Start of Block

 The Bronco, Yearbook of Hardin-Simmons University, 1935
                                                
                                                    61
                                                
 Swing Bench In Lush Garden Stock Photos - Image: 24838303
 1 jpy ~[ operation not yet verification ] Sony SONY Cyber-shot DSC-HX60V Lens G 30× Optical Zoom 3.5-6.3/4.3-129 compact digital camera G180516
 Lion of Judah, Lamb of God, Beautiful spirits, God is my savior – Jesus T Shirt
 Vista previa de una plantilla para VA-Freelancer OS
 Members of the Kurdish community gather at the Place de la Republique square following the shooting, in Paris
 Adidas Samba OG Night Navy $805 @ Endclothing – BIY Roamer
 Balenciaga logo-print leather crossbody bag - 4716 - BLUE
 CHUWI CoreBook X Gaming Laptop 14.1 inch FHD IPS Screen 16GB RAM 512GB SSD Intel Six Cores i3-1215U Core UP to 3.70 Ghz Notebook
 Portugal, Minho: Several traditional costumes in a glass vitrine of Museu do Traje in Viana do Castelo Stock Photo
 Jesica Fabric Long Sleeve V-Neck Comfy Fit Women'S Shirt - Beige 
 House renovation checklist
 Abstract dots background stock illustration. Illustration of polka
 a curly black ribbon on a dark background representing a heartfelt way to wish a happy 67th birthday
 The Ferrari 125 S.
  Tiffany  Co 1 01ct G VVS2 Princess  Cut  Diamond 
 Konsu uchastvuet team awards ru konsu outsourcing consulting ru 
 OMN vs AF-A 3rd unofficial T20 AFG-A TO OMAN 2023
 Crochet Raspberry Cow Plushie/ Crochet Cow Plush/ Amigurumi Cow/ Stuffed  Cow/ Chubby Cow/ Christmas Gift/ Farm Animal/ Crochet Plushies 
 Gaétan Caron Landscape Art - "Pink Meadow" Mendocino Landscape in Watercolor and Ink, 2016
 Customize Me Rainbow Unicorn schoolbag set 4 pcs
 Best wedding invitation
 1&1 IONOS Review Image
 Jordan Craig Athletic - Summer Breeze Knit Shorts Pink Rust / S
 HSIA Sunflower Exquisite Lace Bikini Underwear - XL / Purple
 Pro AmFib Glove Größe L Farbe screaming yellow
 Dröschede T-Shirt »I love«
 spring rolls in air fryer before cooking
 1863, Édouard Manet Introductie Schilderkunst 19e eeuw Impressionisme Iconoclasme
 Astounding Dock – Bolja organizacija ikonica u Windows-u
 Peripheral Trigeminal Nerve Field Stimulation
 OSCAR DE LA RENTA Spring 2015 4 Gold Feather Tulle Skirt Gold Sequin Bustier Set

End of Block

■ TASK BRIEF ■
Look for the word "Pink" in the records above, count the lines that hold it, and give only that number.

■ REPLY ■
2